Once the patch is verified, the new status will be reflected by the ok-to-test label.

I understand the commands that are listed here.

Instructions for interacting with me using PR comments are available here. If you have questions or suggestions related to my behavior, please file an issue against the kubernetes-sigs/prow repository.

skonto · 2024-09-09T13:58:01Z

/ok-to-test

skonto · 2024-09-09T13:58:27Z

cc @dprotaso for review.

codecov · 2024-09-09T14:01:51Z

Codecov Report

Attention: Patch coverage is 65.30612% with 17 lines in your changes missing coverage. Please review.

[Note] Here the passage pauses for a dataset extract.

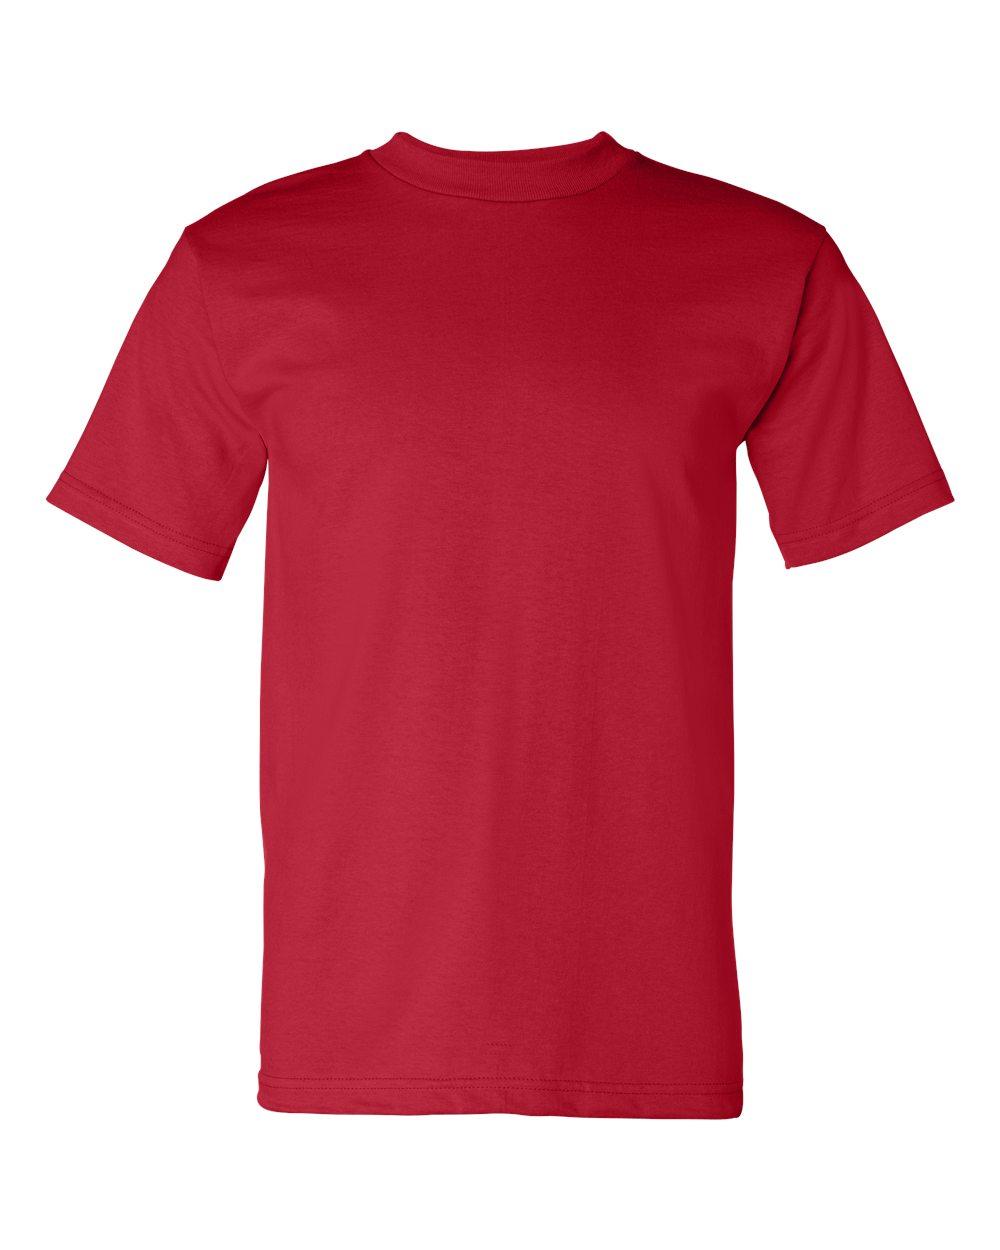 Bayside-Mens-Cotton-Blank-USA-Made-Short-Sleeve-T-Shirt-5100-up-to-5XL thumbnail 33

Project coverage is 83.48%. Comparing base (5717d19) to head (3575484).

Files with missing lines	Patch %	Lines
pkg/reconciler/revision/reconcile_resources.go	56.00%	6 Missing and 5 partials ⚠️
pkg/testing/functional.go	62.50%	5 Missing and 1 partial ⚠️

Additional details and impacted files

@@            Coverage Diff             @@
##             main   #15503      +/-   ##
==========================================
- Coverage   83.53%   83.48%   -0.06%     
==========================================
  Files         219      219              
  Lines       17427    17456      +29     
==========================================
+ Hits        14558    14573      +15     
- Misses       2498     2507       +9     
- Partials      371      376       +5

☔ View full report in Codecov by Sentry.
📢 Have feedback on the report? Share it here.

skonto · 2024-10-03T11:28:00Z

@dprotaso gentle ping, any objections on this one? It seems ok to me.

skonto · 2024-10-06T16:23:02Z

pkg/reconciler/revision/reconcile_resources.go

@@ -117,6 +117,10 @@ func (c *Reconciler) reconcileDeployment(ctx context.Context, rev *v1.Revision)
 		}
 	}

+	if *deployment.Spec.Replicas > 0 && *deployment.Spec.Replicas == deployment.Status.ReadyReplicas {


@SaschaSchwarze0 hi, should we relax the condition?

We set the revision as containerUnhealthy when a "permanent" like failure is detected:

// If a container keeps crashing (no active pods in the deployment although we want some) if *deployment.Spec.Replicas > 0 && deployment.Status.AvailableReplicas == 0 {

Resetting this should happen when we have at least one pod up (deployment.Status.AvailableReplicas>0) no ?
I am thinking of a bursty load scenario where not all pods become ready (eg. some new stay in pending state and some old recover from the old issue and become ready). However, then we keep the revision in false ready status if we don't reach the desired number of pods as set in the deployment replicas field.
Could this be true if we have a bursty load where deployment is set to replicas> currentScale>= minsCale >= 1 directly due to some autoscaling decision? 🤔

Hi @skonto, sorry for the late response. I was out for some time.

Can you please help me and clarify what you're after. The code change I am making is to set container healthy to true. You now come up with a discussion and a related condition about when container healthy should be set to false?

Hi @SaschaSchwarze0 I am saying that a revision is serving traffic even when pods are not all ready right? So resetting this to true only when *deployment.Spec.Replicas == deployment.Status.ReadyReplicas seems a bit too strict no?

I see.

Correct, a revision may be serving traffic even if it does have unhealthy containers in some of the replicas.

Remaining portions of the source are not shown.